# scrape buck



## bigun31768 (Oct 15, 2005)

i got this picture of a buck coming to a scrape.ther where 3 bucks that came in one night small 6pt and real big 6pt and this old boy.scrape at his feet.
bigun


----------



## burkecoboy (Oct 15, 2005)

lucky you!!!!


----------



## Handgunner (Oct 15, 2005)

Man, what a nice buck!  And a double-throat patch to boot.  Does it get any better????

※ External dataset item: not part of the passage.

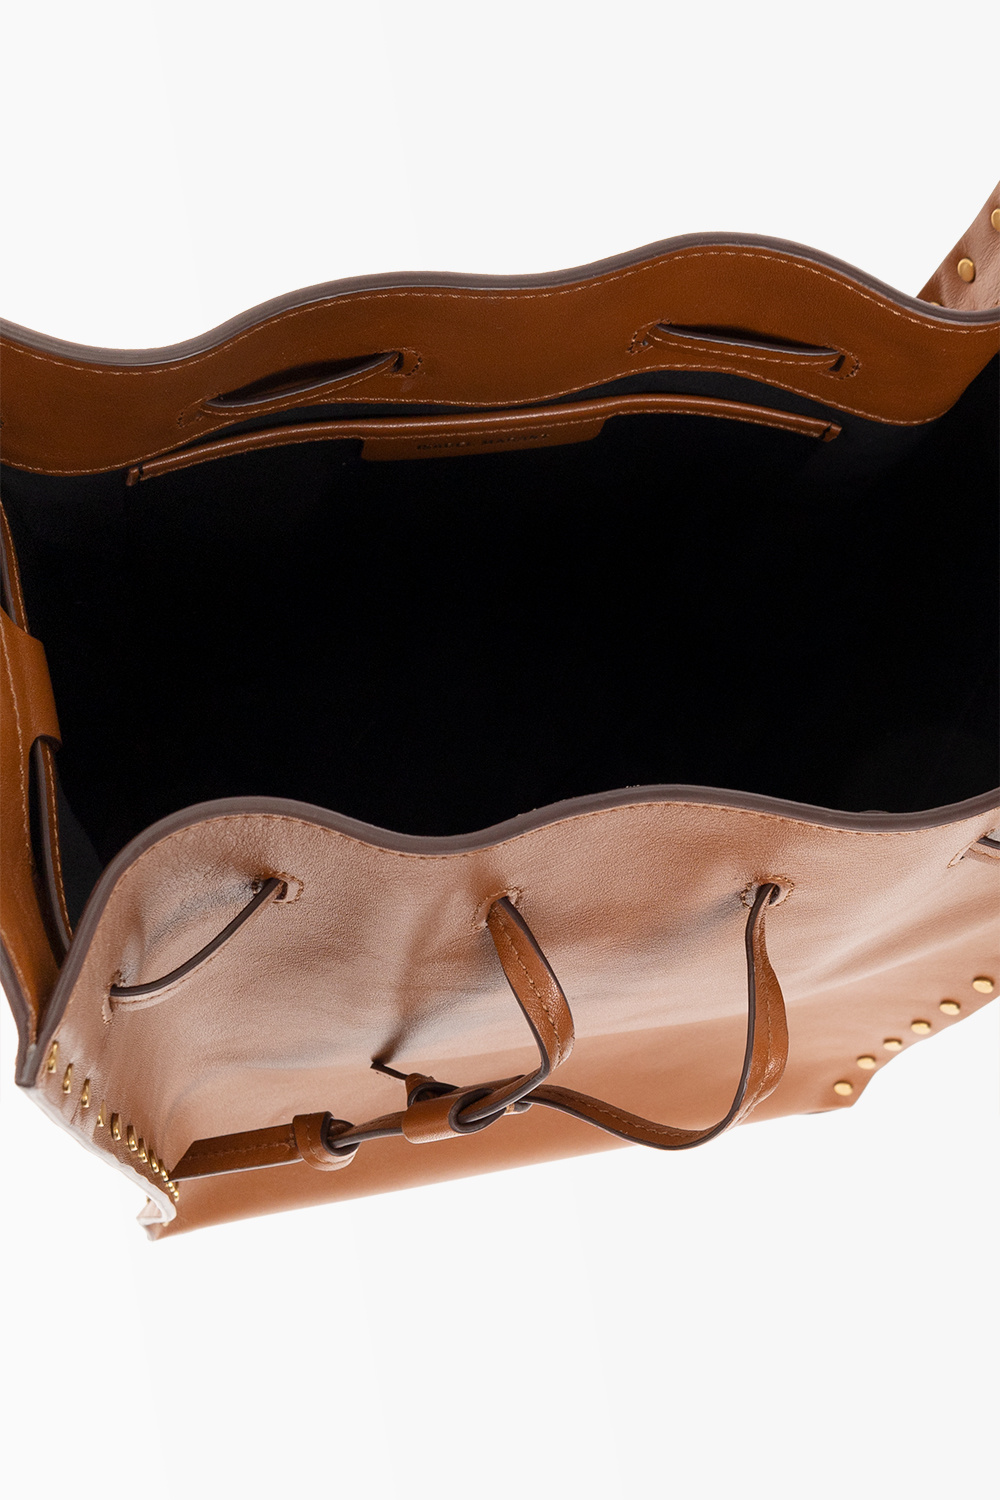 Isabel Marant Buky drawstring-fastening shoulder bag, Louis Vuitton Cannes Shoulder  bag 389047

Yes!  And I hope it does for ya!


----------



## gsubo (Oct 16, 2005)

Now thats a pretty deer!  They don't get much better than that.  And look at the dark horns!


----------



## ponyboy (Oct 16, 2005)

nice un ........


----------



## Killdee (Oct 16, 2005)

looks like a goodern


----------



## Huntsman.45 (Oct 16, 2005)

*Do you need some help this week?*



			
				bigun31768 said:
			
		

> i got this picture of a buck coming to a scrape.ther where 3 bucks that came in one night small 6pt and real big 6pt and this old boy.scrape at his feet.
> bigun



Nice Deer!


I'll be over at the Sunbelt Expo working this week!  

I could bring my MZL!


----------



## Duck's and Buck's (Oct 17, 2005)

I killed a 9 point 3 yrs ago with 2 white patches on his neck, not the biggest buck I ever killed but surely the best looking on the wall.  That big boy will look good hanging up!

Good Luck!!!!!!!!!!!!!


----------



## raghorn (Oct 18, 2005)

Do my old tired eyes deceive me, or do I count maybe 12 points on that buck? Solid 10 at least.


----------



## Jim Thompson (Oct 18, 2005)

now that is a sweet sweet buck!


----------



## Mangler (Oct 20, 2005)

SHOOT BOY!!!!


----------